Circa 2010, Town Council made up its mind that it wanted large buildings.   That appears to be when the height limit was decided upon.  No one has been able to question the height limit since.  And that’s when the town had various views of large, lot-covering buildings drawn up, e.g.,

In 2012, the steering committee was formed.  The Town describes this as representing a variety of interests.  Which is true.  But, as noted above, they did in fact include Maple Avenue land owners in the steering committee for a law that directly affected the value of their property.

And this steering committee — what I would term a committee of vested interests and professional interests — developed the MAC zoning that we now have.  I assume that the Town Council that wanted big buildings would have picked a steering committee to ensure that’s what they got.

And, one way or another, the nice sentiments of the Maple Avenue Vision where thrown away.   And we got the law that the Town Council wanted.  One that promotes the construction of large, lot-filling buildings.  One that requires nothing but upscale-retail space on the first floor.   And so on.

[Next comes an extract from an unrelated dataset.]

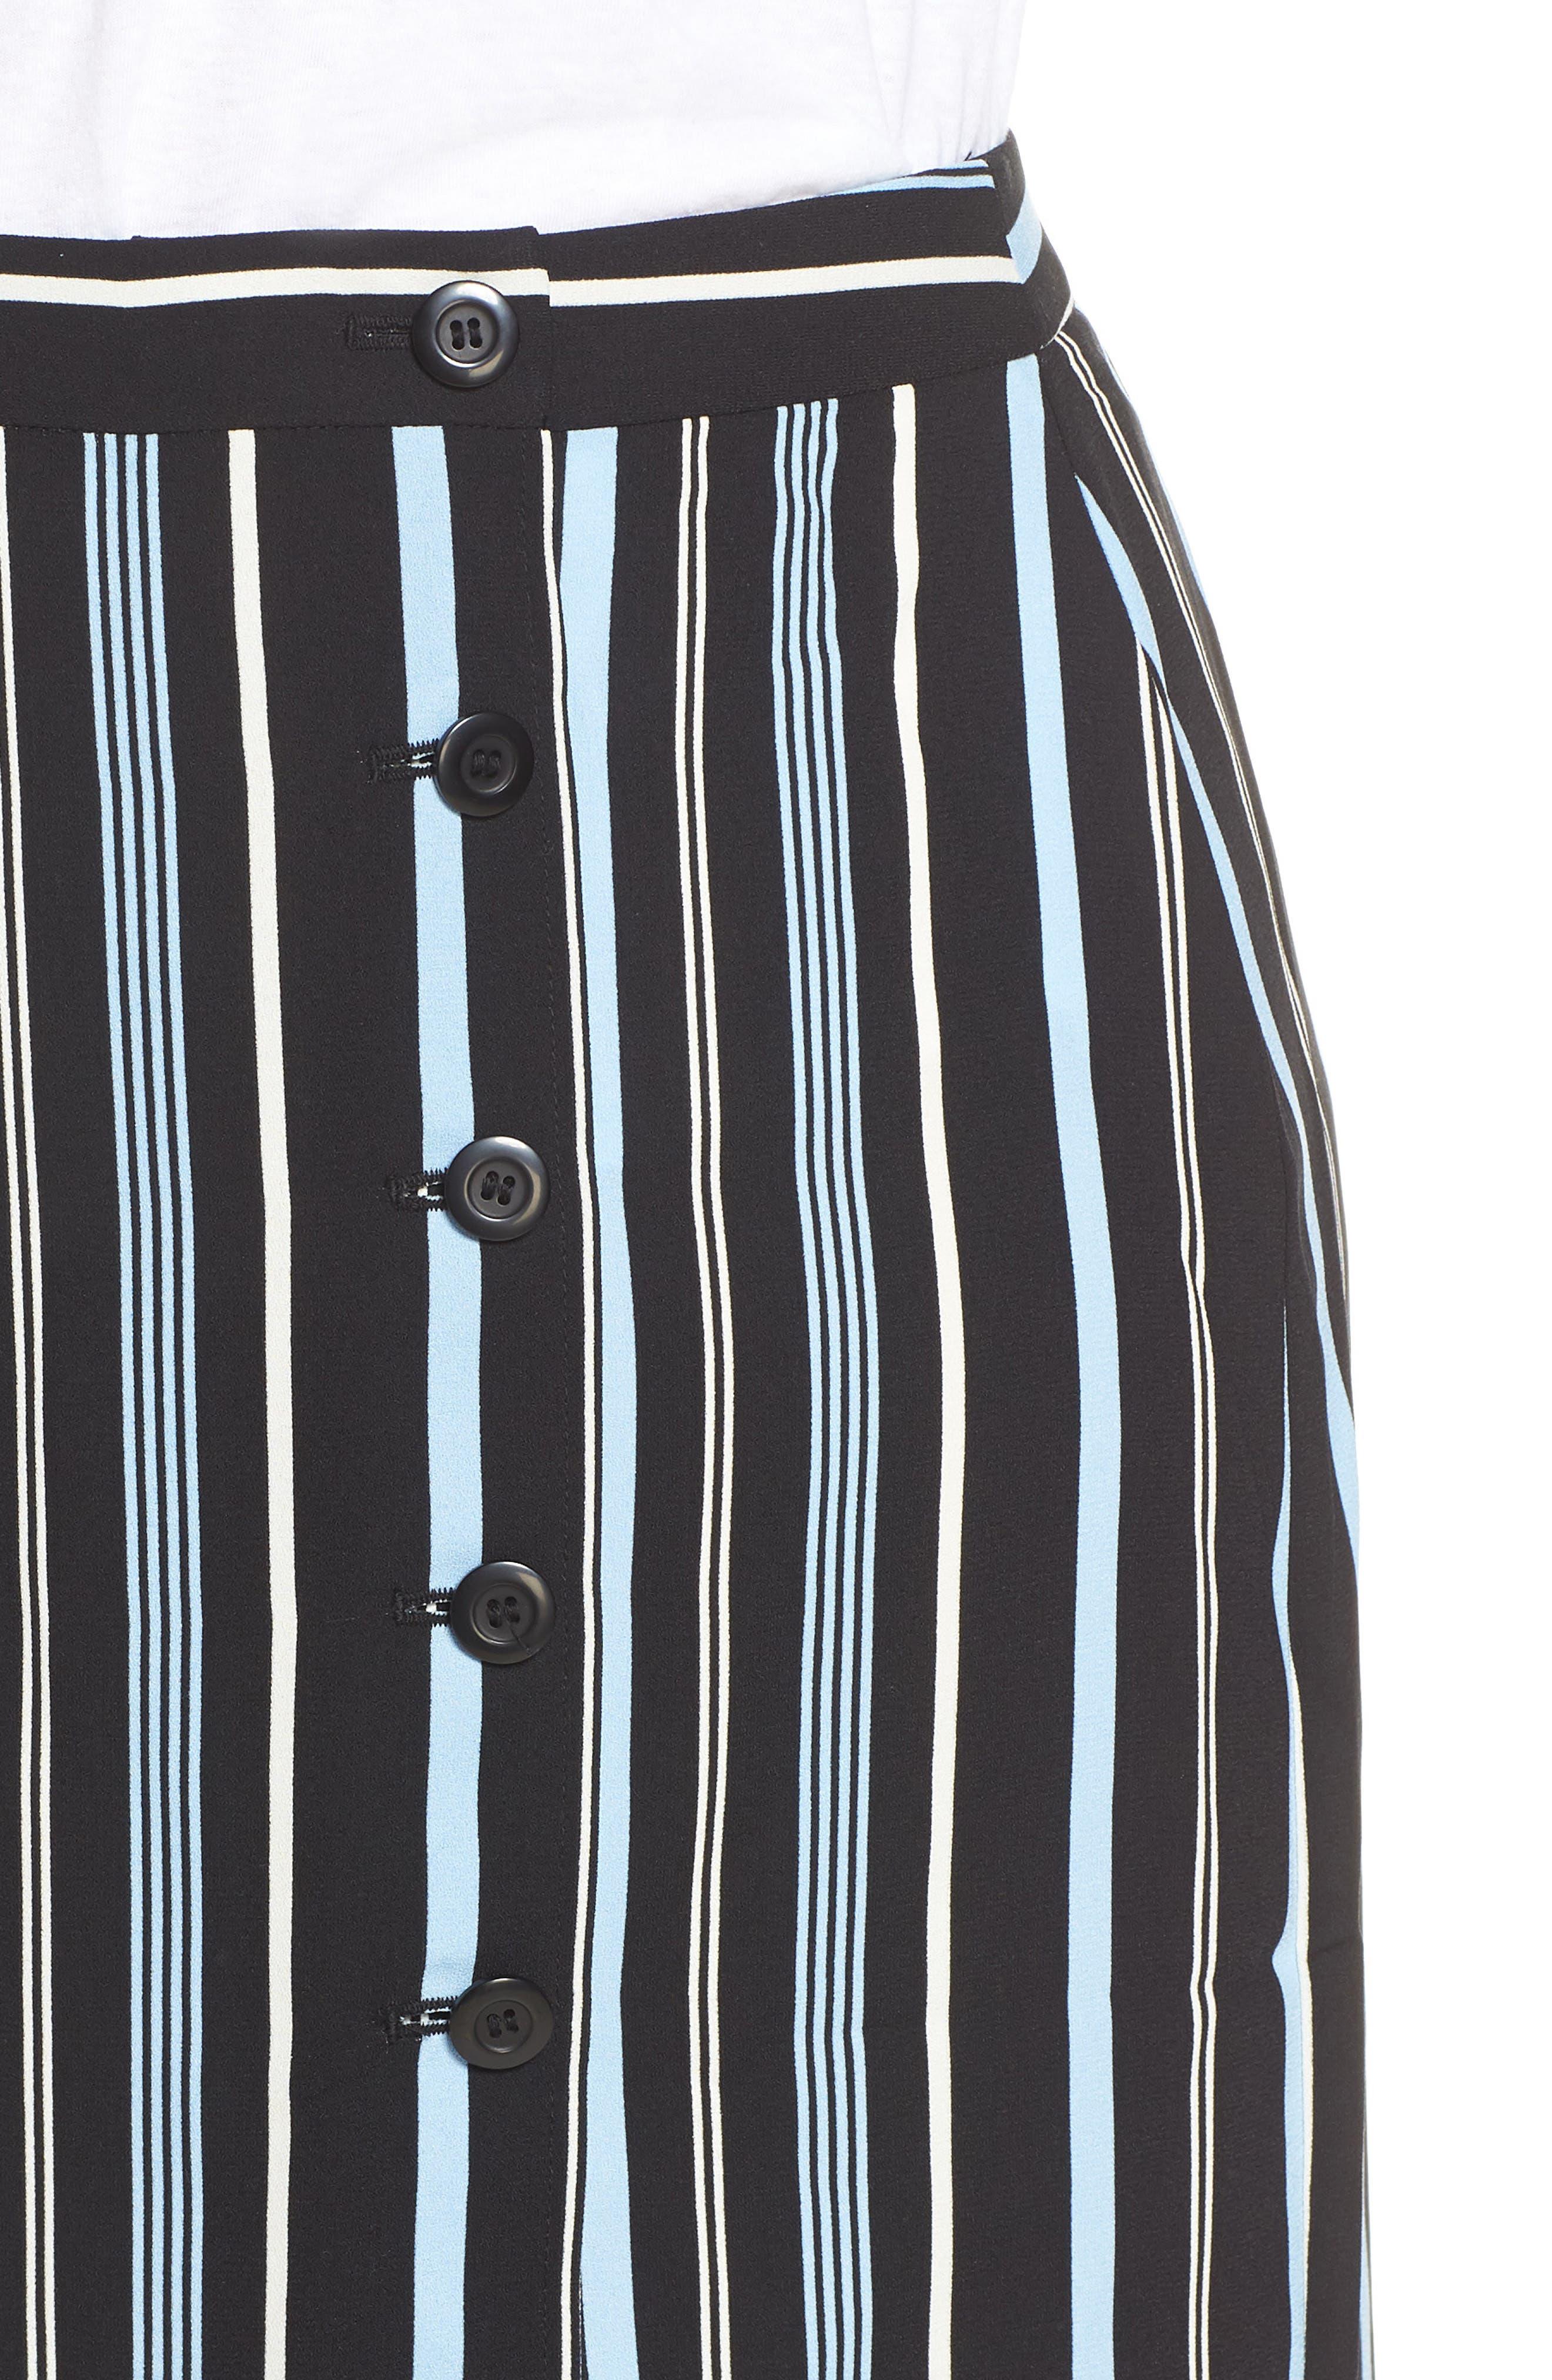 Button Wrap Skirt,                             Alternate thumbnail 10, color,                             BLACK MULTI COLORED STRIPE
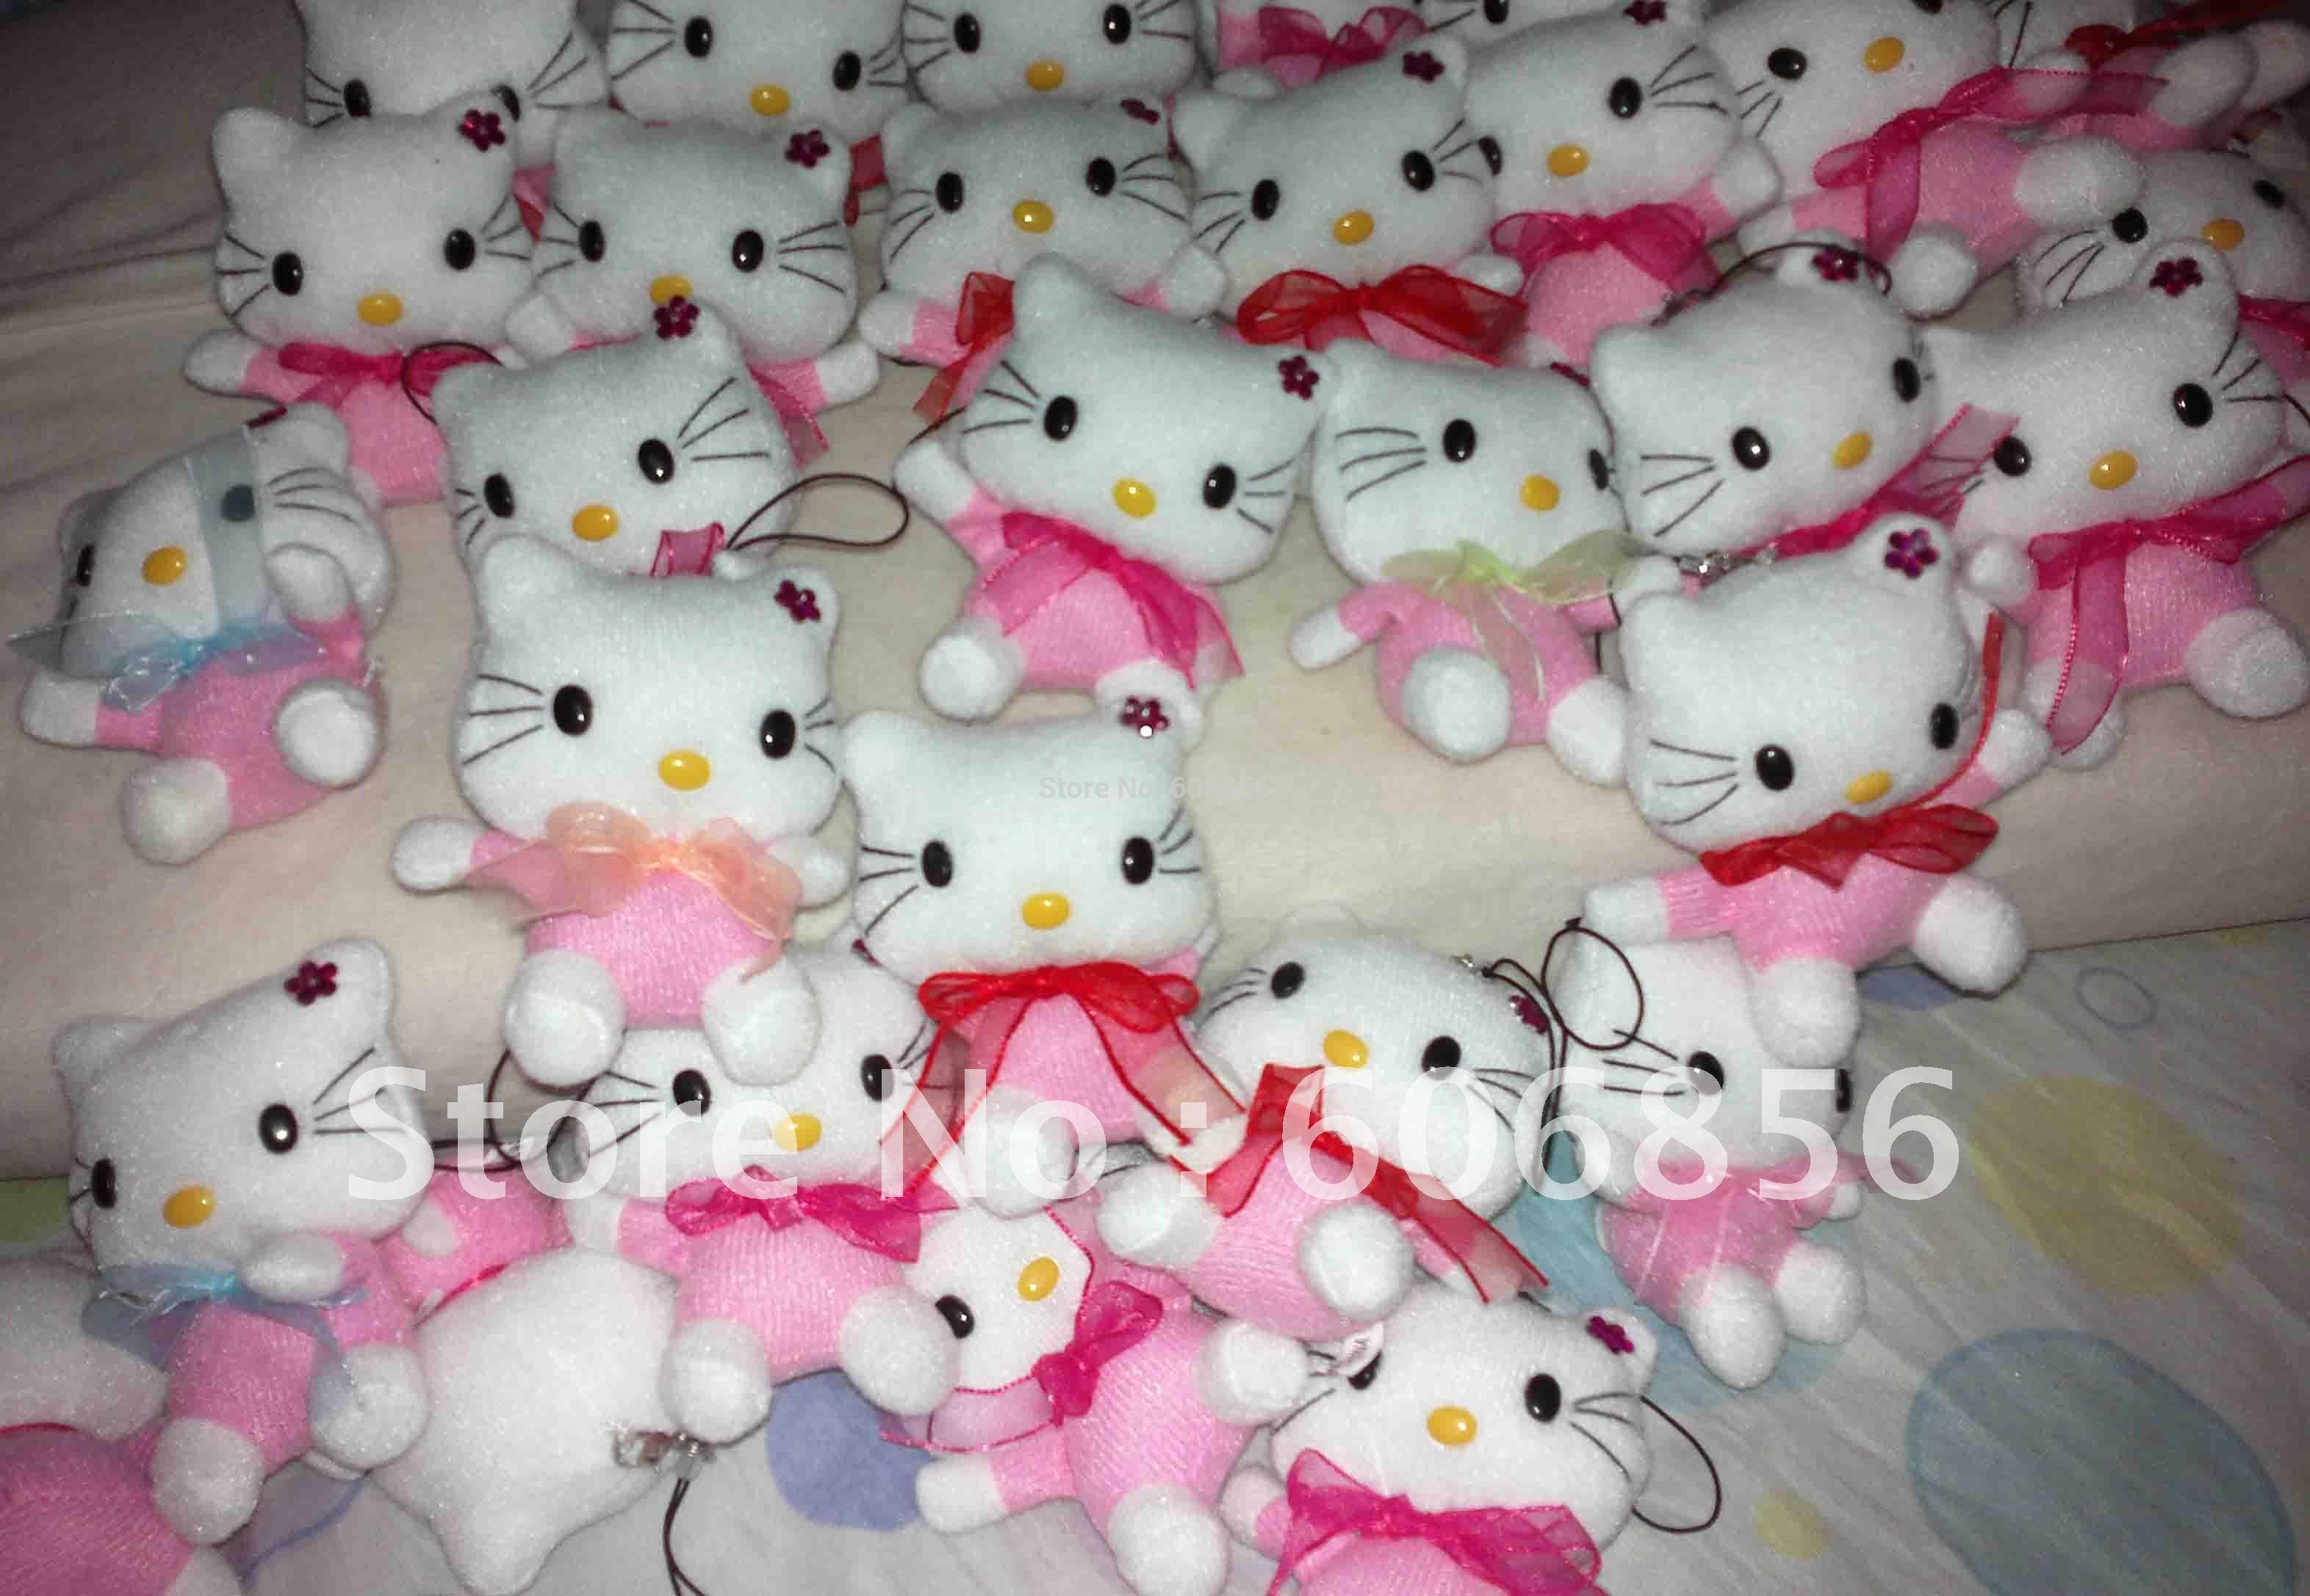 2019 Wholesale Hello Kitty Plush Dolls Soft Toys 7cm Size Hot Dolls

So when the Mayor talks about all the citizen input to MAC, that’s absolutely true.  But the key step that gets omitted is ”  … and then they threw that away and had landowners and related professionals draft the law that the Town Council wanted.”  And that’s how we got from that lovely Maple Avenue Vision of preserving “small town” Vienna, affordable housing, and so on, to $1.3M luxury condos (Marco Polo/Vienna Market) and a proposed building larger than a football field, 61′ tall (Tequila Grande/444 Maple West).